Selling Human Rights Due Diligence in Canada

Selling Human Rights Due Diligence in Canada

On 29 November, Swiss voters gathered for a referendum. They affirmed that the country’s constitution should be amended to impose human rights due diligence (HRDD) requirements on multinational firms headquartered in Switzerland. The proposed amendment, which would require companies to proactively manage the adverse human rights impacts of their business activity, ultimately failed.
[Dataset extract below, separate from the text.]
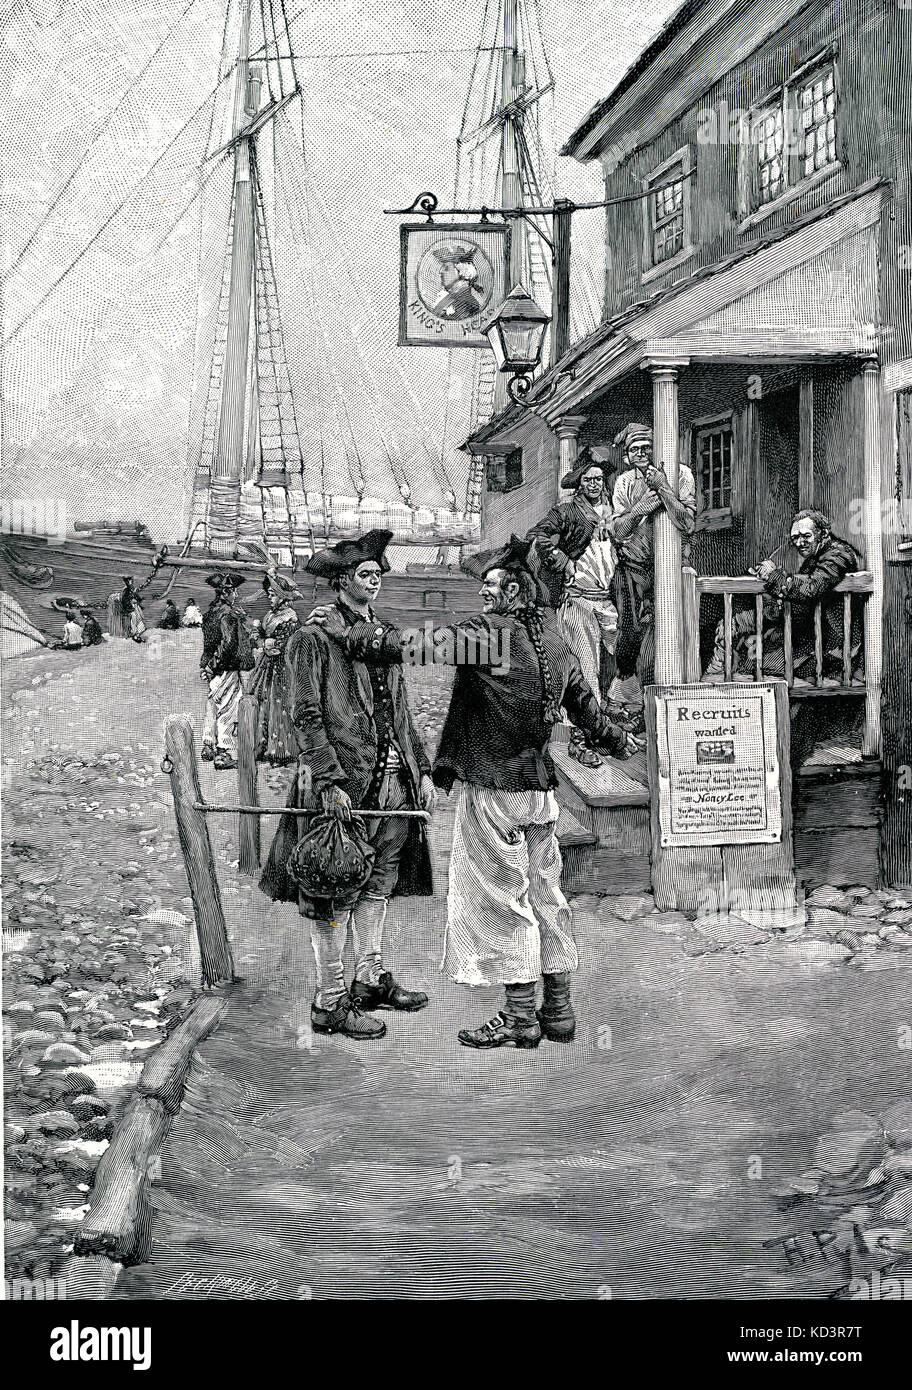 King's Head Tavern, Brownejohn's Wharf, Nueva York, se estableció como una estación de reclutamiento para el ejército británico durante la Revolución Americana, 1765 - 1783. Ilustración de Howard Pyle, 1908 Foto de stock

It was opposed by a majority of the cantons, whose approval, along with a popular majority, is required to amend the Swiss constitution. Switzerland will instead implement an attenuated counterproposal that affords limits, favoured by Government and industry, on the breadth and reach of a corporation’s reporting duties. But that HRDD achieved national attention and garnered support from a narrow majority of voters evidences the progress made under the banner of business and human rights. Yet, while the Swiss referendum is situated amongst an increasing number of states advancing mandatory HRDD legislation, Canada remains non-committal. 

Corporations have become significant international actors whose political and economic influence exceeds that of many states. The rise of transnational corporations has brought wealth, investment, employment, and innovation to much of the world. But as we repeatedly see, from the German industrialists’ trials at Nuremberg to Facebook’s role facilitating aspects of the Rohingya genocide, corporations possess the capacity to adversely and egregiously impact human rights. HRDD provides a regulatory tool to mitigate the potential harms that accompany business activity. Pre-emptively orientated, the UN Guiding Principles on Business and Human Rights (UNGP) state that “to identify, prevent, mitigate and account for how they address their adverse human rights impacts, business enterprises should carry out human rights due diligence.” These processes assume a crucial role in advancing a preventative agenda, have been recommended within the OECD’s Guidelines for Multinational Enterprises and the ILO’s Tripartite Declaration of Principles, and have been included in the Second Revised Draft of the Legally Binding Instrument that is advancing within the Human Rights Council. 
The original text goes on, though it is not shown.